In the ’90s, at the Los Alamos National Laboratory in New Mexico, the researchers carried out a study and discovered the presence of some puzzling new particles, namely, the sterile neutrinos which possess the astonishing property of traveling through matter with no interplay with it whatsoever.

Unfortunately, no other study was able to yield the same outcomes and, therefore, many scientists called sterile neutrinos a myth.

Sterile neutrinos particles might indeed be real

Recently, another advanced physics study called MiniBooNE has found, once again, a trace of the puzzling sterile neutrinos particles, as reported by Live Science.

For the past 50 years, the Standard Model Of Physics, a list of all the known particles that explains how both matter and energy are interacting in the Universe, has been commanding the world of physics.

According to the model, electron, tau, and muon neutrinos have interactions with the matter and, therefore, their detection is doable using some advanced detectors.

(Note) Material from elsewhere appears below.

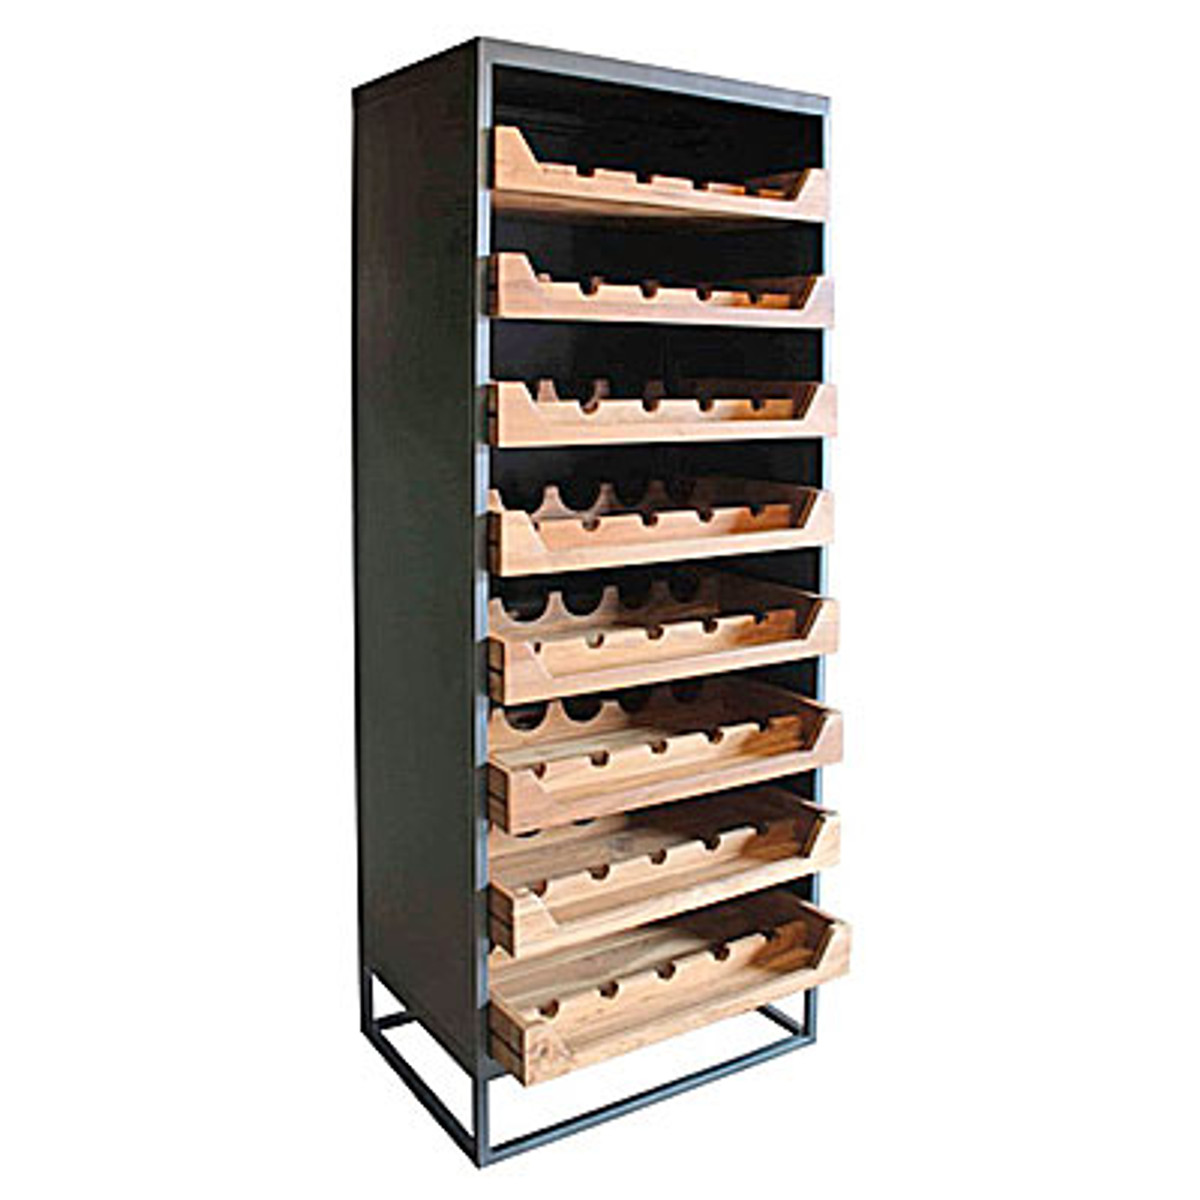 Casa Padrino Industrial Look Weinschrank 67x45x183cm Metall Holz Weinregal Barockgrosshandel De

But, as Kate Scholberg from the Duke University said on Live Science, the LSND trial produced the first conclusive proof that what humans might be detecting may well not be the complete story.

LSND, as well as MiniBooNE experiment, used neutrinos beams and fired them to a detector concealed in the back of an insulation to suppress the remaining radiations. Afterward, scientists counted up how many sterile neutrinos actually reached the detector.

Both LSND and MiniBooNE trials have yielded similar outcomes, namely, the sterile neutrinos are found in large amounts that the Standard Model predicted.